- Rajpora Location of Rajpora in Jammu and Kashmir
- Interactive map of Rajpora
- Country: India
- State: Jammu and Kashmir
- Division: Kashmir
- District: Pulwama
- Elevation: 1,800 m (5,900 ft)

Population
- • Total: 5,215

Languages
- • Official: Kashmiri, Hindi, Urdu, Dogri, English
- Time zone: UTC+5:30 (IST)

= Rajpora =

Village in Pulwama, J&K, India

Rajpora, also known as Rajpur, is a Village and a Tehsil in the Pulwama district of the Kashmir Valley of Jammu and Kashmir, India. It is located 43 km away from Srinagar and 299 km away from Jammu. Rajpora is situated at 1800 metres above the mean sea level.

==Demographics==
As per census of 2011 population of Rajpora stands at 4200, with 2300 males and 1900 females. Population of people under the age of 6 in Rajpora is 1,169, which is 22.42% of total population of the village. Average Sex Ratio of Rajpora village is 892 and child Sex Ratio of the Rajpora as per census of 2011 is 729. In 2011, literacy rate of Rajpora was 62% in which male literacy stands at 57.67% while female literacy rate stands at 51.61%.

==Villages==
1. Gulshanabad
2. Achagoza
3. Bamnoo
4. Pachahar
5. Drabgam
6. Rohmoo
7. Kalampora
8. Shadimarg
9. Sangarwani
10. Thokerpora
11. Mirgund
12. Khaigam
13. Rahmoo
14. Bellow
15. Abhama
16. Zagigam

==Governance==
Under the Panchyati Raj Act, Rajpora is administered by the Sarpanch.

==Economy==
Out of total population only 2921 people were employed as of 2011 census.
Rest of the population is engaged in orchard business.

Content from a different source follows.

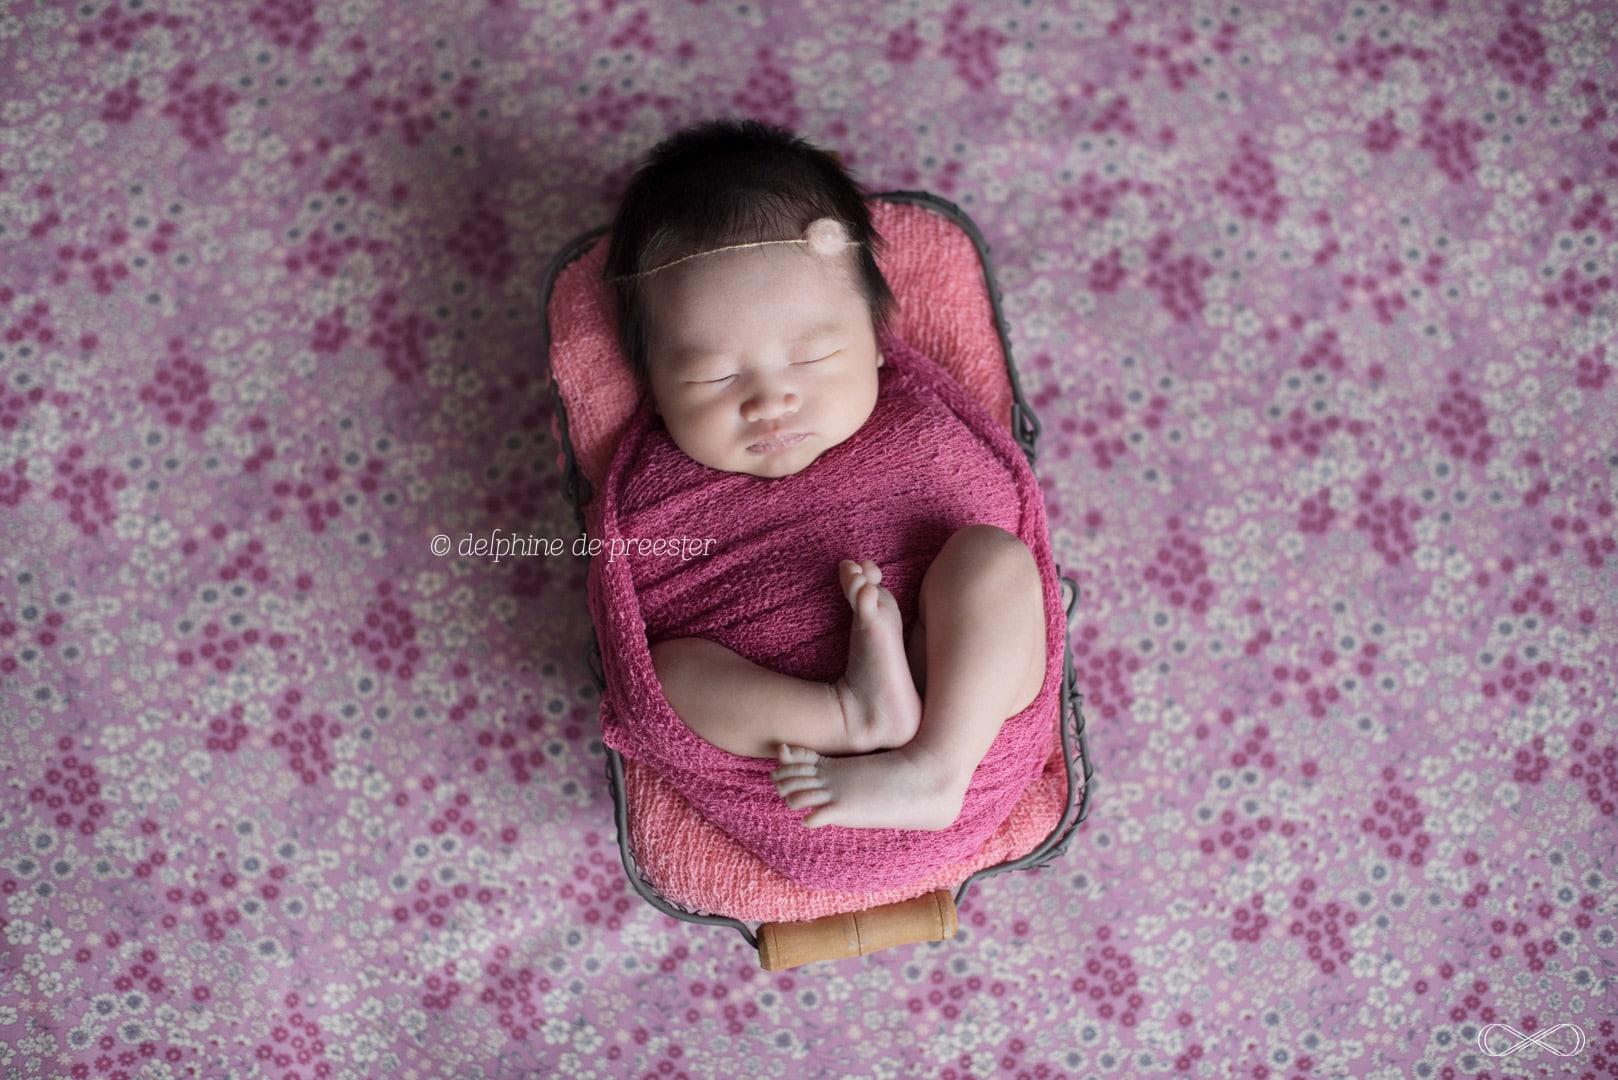 photos de bébé dans un panier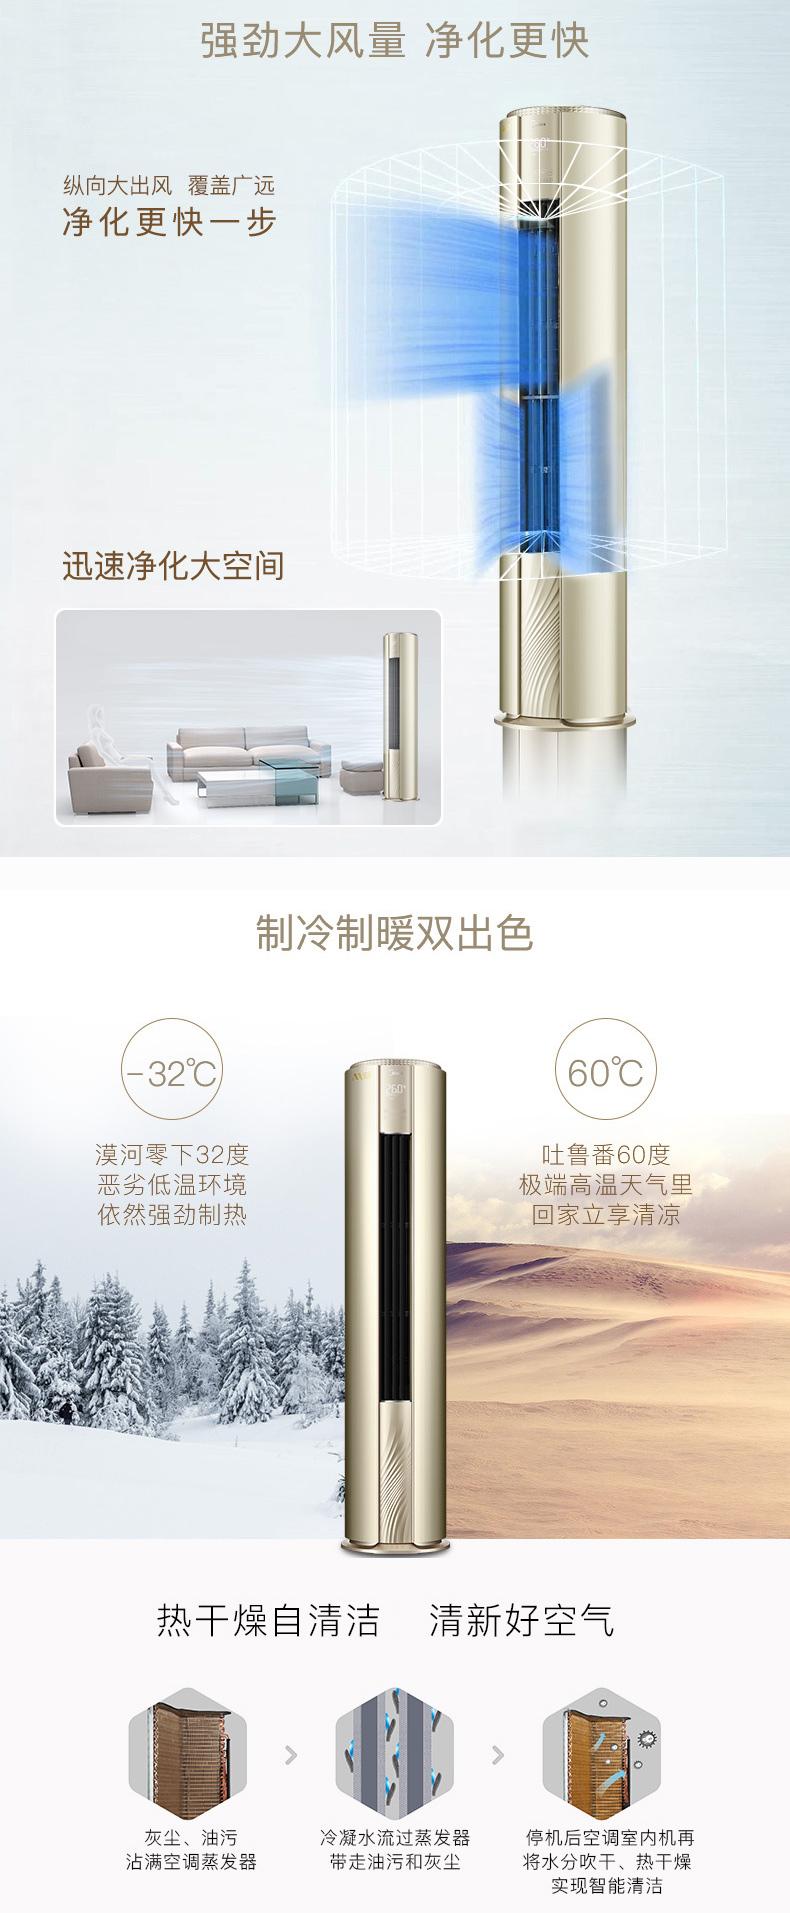 昆明立式空调品牌

This village has huge dependency on horticulture and other allied sectors like dairy and bread business, a local bread namely Shirmal is famous of this Village.

==Education==
- Government Degree College, Rajpora
- Abu Hanifa Memorial Institute Rajpora
- Govt Model Higher Secondary Rajpora
- Govt Girls High School Rajpora
- Syed Abdullah Basri Rajpora
- Govt. Boys Middle School

==Castes==

Schedule Tribe (ST) constitutes 0.29% of total population in Rajpora. No Scheduled Caste (SC) live in Rajpora.